Selling options is like receiving free money
This might sound exaggerated until you learn why. While selling options might look safe whereas uncovered options is a risky strategy because there is unlimited risk. Option sellers can win most of the time; the occasional losses can be devastating when inexperienced investors don’t manage risk properly with discipline.
Only options sellers make money
There is a myth that only option sellers can make huge gains and make money. And as you all know a trade is bound to have sellers and buyers and their own advantages and drawbacks, their own interest of trade. Both option buyers and sellers can make profit from option trading. If only sellers make money then there would be no buyers, with no buyers there would be no market. Sometimes option buying does have an edge in many cases especially at the scenario of high volatility, trending or directional market. We have seen many times that premiums have gone to multi fold especially in Bank Nifty weekly expiry too.
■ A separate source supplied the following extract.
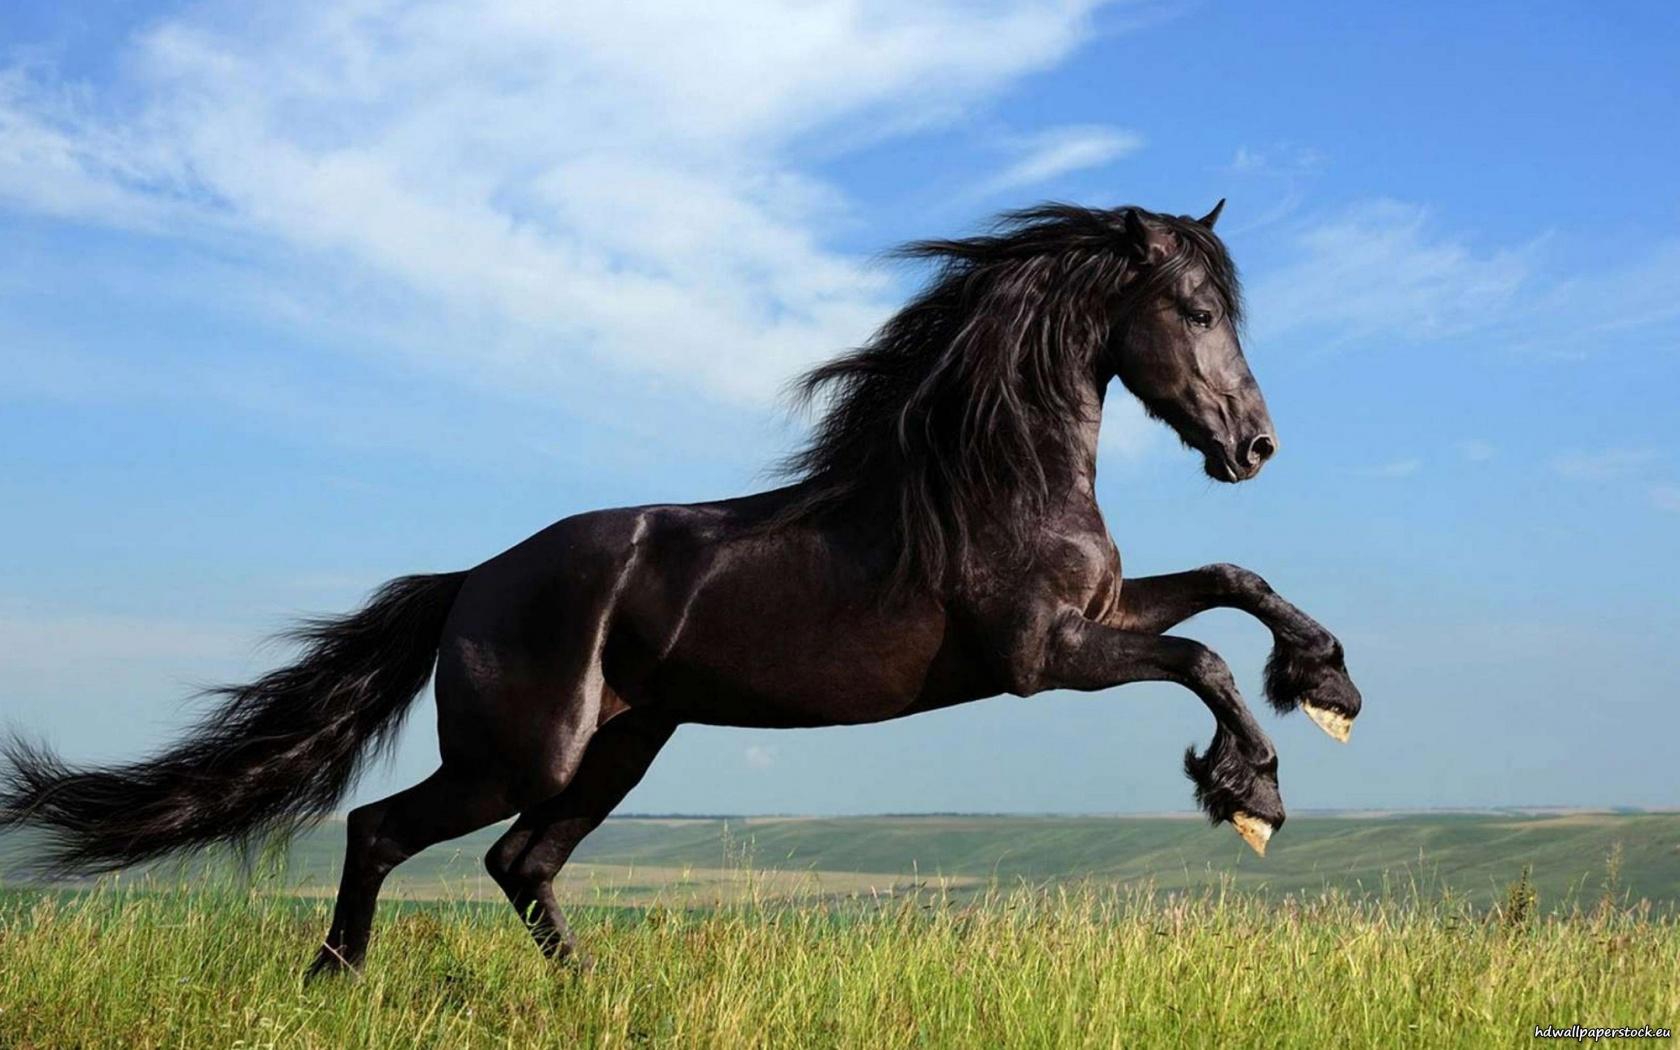 بالصور حصان عربي , افضل الخيول العربية الاصيلة 5773 3

Trading options is a zero sum game
Derivatives is a Zero sum game but the truth is that options may be used as an insurance policies. It can be used as risk management tools. These are considered as zero-sum games because the contracts represent agreements between two parties and, if one investor loses, then the wealth is transferred to another investor. Most transactions are non-zero-sum games because the end result can be beneficial to both parties.
It’s easy to make money with options
Making money in market means you have to be smarter than other because it’s a zero sum game and one has to lose if the other has to win. To formulate your own successful ways of trading and investing requires a lifetime of work, dedication and focus. The secret to find and maintaining a high level of success in the markets is to trade and invest according to your own interest of traded, formulated strategies, risk tolerance, investment goals with proper management of risk and a disciplined approach.
Is option trading safe?
You cannot look for a one word answer to this question as options is featured with multiple concepts, advantages, disadvantages, exceptions. However we all know there can be no trade or investment that gives complete guarantee of safety and protection against risk. But since options offers you flexibility and strategy for all types of investors, we suggest you to study the market, observe the expert investors, consider each of its features and make your move without hesitation.